Carrying out a thorough objective examination is important to exclude other pathologies that can occur in the same region.

Examples include:
Deep vein thrombosis – a very serious pathology that can result in a fatal pulmonary embolism—can occur with severe calf tears.

  • Plantaris tear – a small muscle which is actually absent in 8-12% of the population. Although not vital for function, it can be very painful when torn or ruptured resulting in limping and altered biomechanics
  • Achilles rupture – a very serious pathology requiring immediate orthopaedic review
  • Compartment syndrome – painful condition with increased pressure within muscles and fascia, compressing muscles, nerves and vascular structures.
Treatment and Evidence

Initial stages of treatment aim to reduce pain, swelling and further injury. Crutches may be necessary for patients that are unable to weight bear. They should only be used for a short amount of time as early mobilisation allows muscle fibres to regenerate and organise more effectively and prevent DVTs forming (Hsu & Chang, 2021). Within 10 days, scar tissue that has formed over the tear will have the same tensile strength as normal muscle and gradual loading can begin (Dixon et al 2009). Ice is useful in the acute stage and patients will often benefit from the use of Tubigrip compression to support the injury.

In the early stages as symptoms improve it is important to restore normal walking patterns to avoid developing compensations. Our physiotherapists will help our patients activate and use the correct muscles with exercises and gait retraining. Incorporating an exercise program targeting range of motion, strength, endurance and motor control/balance is essential for recovery and should be implemented once symptoms allow (Hsu & Chang, 2021). Strengthening exercises will be provided for the muscles in the calf, quads and glutes to address biomechanical compensations from the antalgic gait. Exercises are progressed in difficulty until the injured leg’s strength, endurance and power is comparable to the non-injured leg. Time to return to activity and re-injury rates were found to be markedly reduced in those patients who completed physiotherapy rehabilitation compared to rest alone (Jones, S et al. 2019) 
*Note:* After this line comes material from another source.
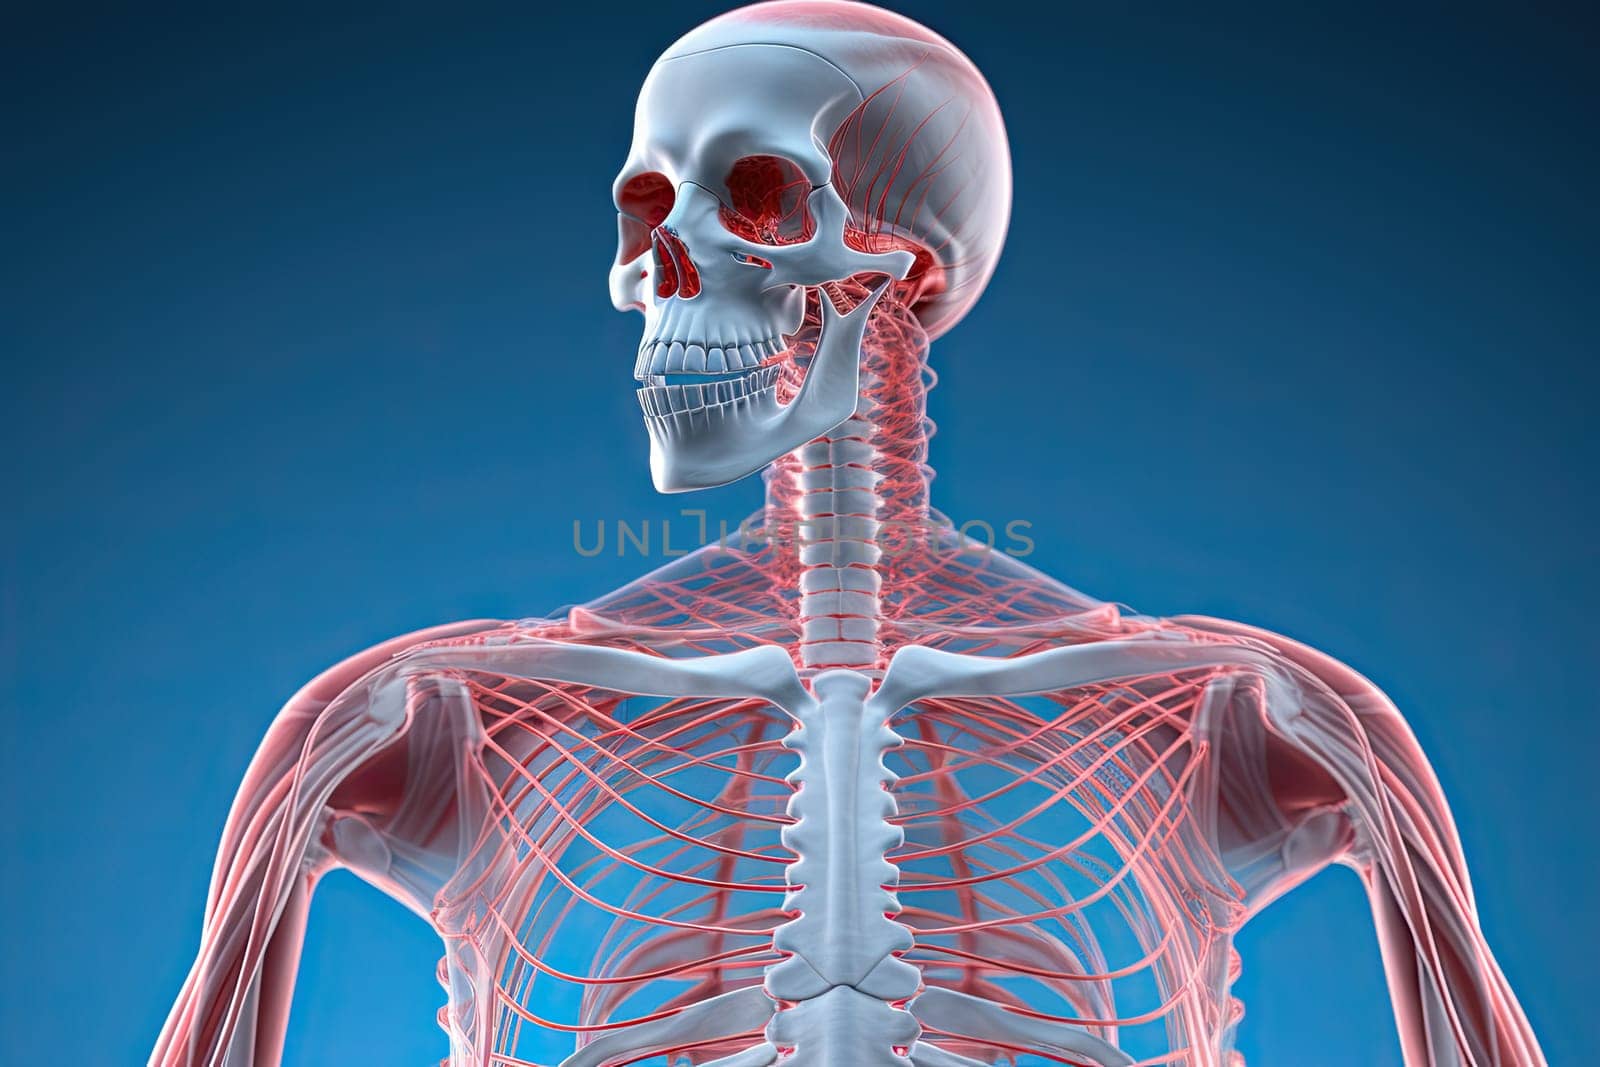 The Anatomy of the Human Skeleton: Revealing the Muscular System in Detail Created With Generative AI Technology

In the clinic, we see patients regain their ability to walk normally for day to day activities but do not have the adequate power to perform a quick sprint or jump. Power is often overlooked and if not trained adequately, a larger re-tear occurs when trying to perform these activities. Plyometric exercises as well as a graded sprinting program is a vital part of physiotherapy rehabilitation to ensure safe return to sport. Our physiotherapists will target rehabilitation to meet patient specific goals ensuring good long-term outcomes and prevention of secondary kinetic chain injuries.